With automatic graph construction e.g. eager Tensorflow/Pytorch, the layer needs to cache the input of the layer, so that it can compute the gradient of the weights. If the layer receives inputs multiple times within the computation graph, you end up caching it multiple times.

With analytical gradients, you may be able to save memory by finding optimizations because you have the analytical gradient, e.g. above you can sum the inputs ie (dL/dz)input1 + (dL/dz)input2 = (dL/dz)(input1+input2).




Isn't the input of the layer fundamentally a part of the gradient computation? So even in this case (inspecting LLVM code) the computation still needs to look at the input.


Even so, you maybe able to perform optimizations that were not possible under normal circumstances, e.g. you have an exponent in the output of a layer followed by a log in the next. Think SoftMax and logloss.


You don't always need the input to compute the gradient. For example the gradient of a sum function doesn't require the original input, it just sets all of the derivative(input)'s to 1.


To be more precise, in backwards mode auto-diff, inputs only need to be saved if they are used in a non-linear way.


That last line doesn't make much sense to my eye at least.


I think in essence what PartiallyTyped is trying to say is that one potential optimization opportunity in whole-program AD is that you can avoid having to cache the original inputs of the program if you know that derivative computation won't need it (e.g. its only used in a sum and not a product or something whose derivative depends on the value). Some ML frameworks must cache all of the inputs to an operation since they don't know whether it will be necessary for the reverse pass of an operation. You could go even further and decide to cache a different & smaller set of intermediate values that still lets you compute the gradient.

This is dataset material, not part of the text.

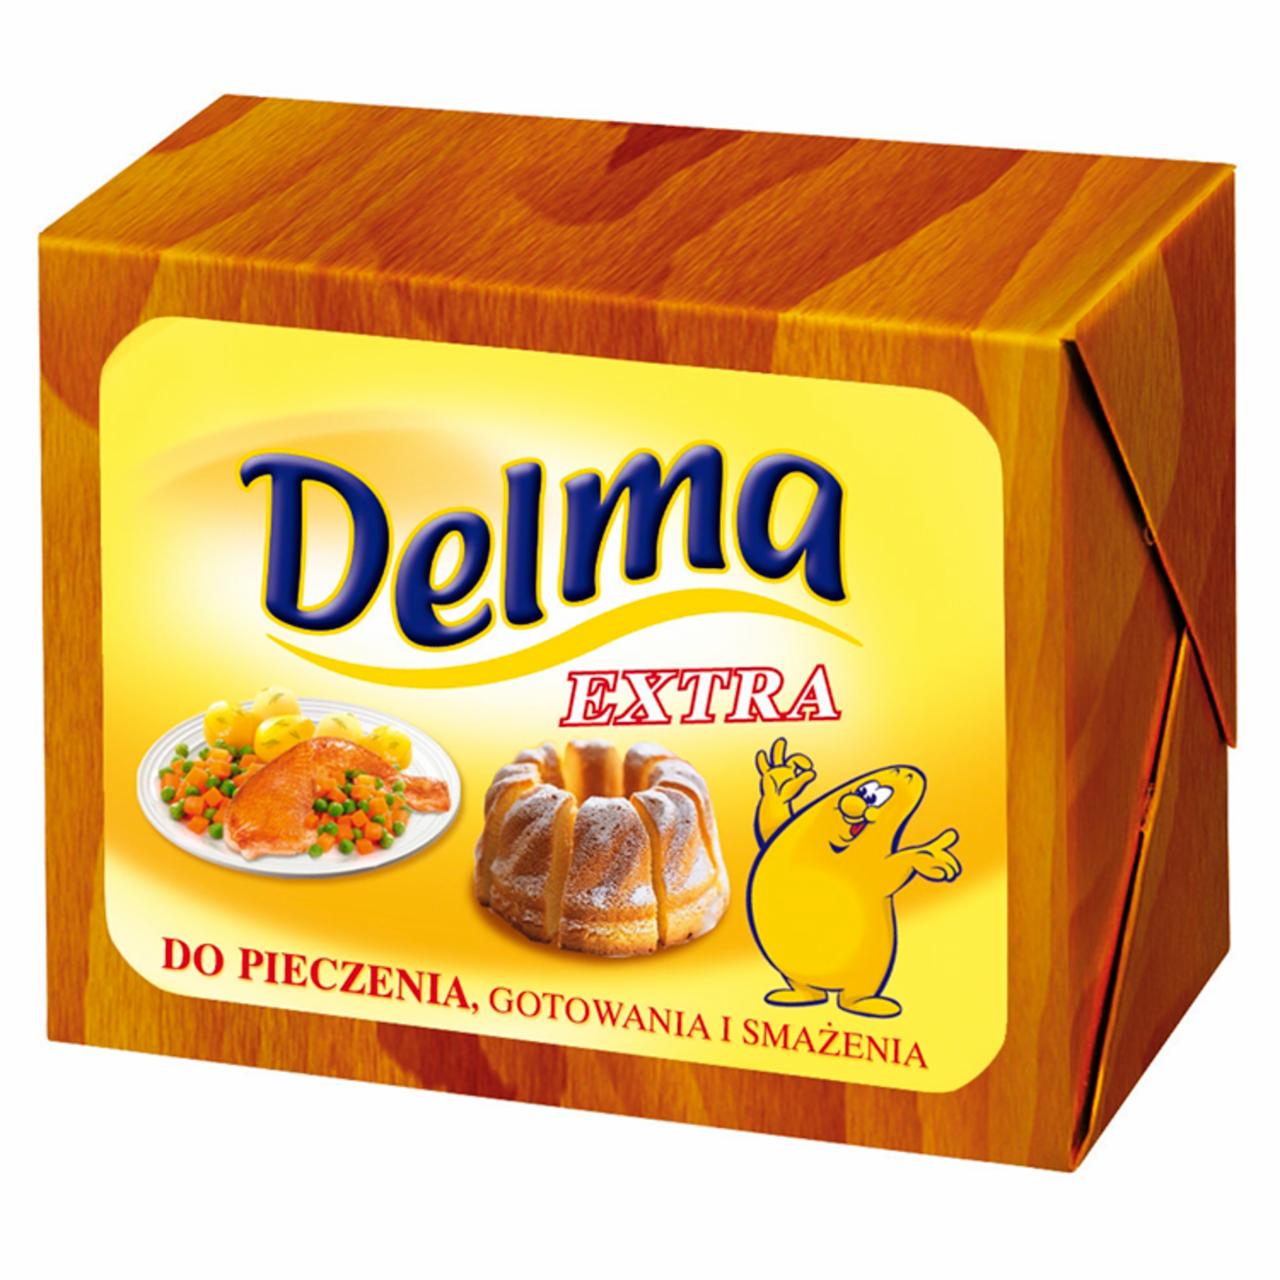 Zdjęcia - Delma Extra do pieczenia gotowania i smażenia Tłuszcz roślinny 250 g

Beyond cache reduction, in our paper we demonstrate a lot of interesting ways that combining AD with a compiler can create potential speed-up. For example, we are often able to dead-code eliminate part of the original forward-pass code since it's not needed to compute the gradient.

We also have a cool example in the paper showing an asymptotic [O(N^2) => O(N)] speedup on a code for normalizing a vector because doing AD in the compiler lets Enzyme run after optimization (and in that example benefit from loop invariant code motion in a way that tools that aren't in the compiler cannot do).


I think it was just a poorly stated description of the algebra of the derivative - I got the rest of it.


Yeah my best guess at that is that they were trying to say you'd only need to store one value: the sum, rather than the two individual values -- but I'm not completely sure.


That was my attempt.


The essence of what I was trying to say with the example is that a layer may be used multiple times through the computation graph. Without an analytical gradient, you may end up caching all of the inputs to the layer to compute the gradient. The alternative is to sum up the inputs because the gradient is linear with respect to the inputs; with an analytical gradient you can find that and compute it within the code instead of looking for adhoc optimisations within the graph.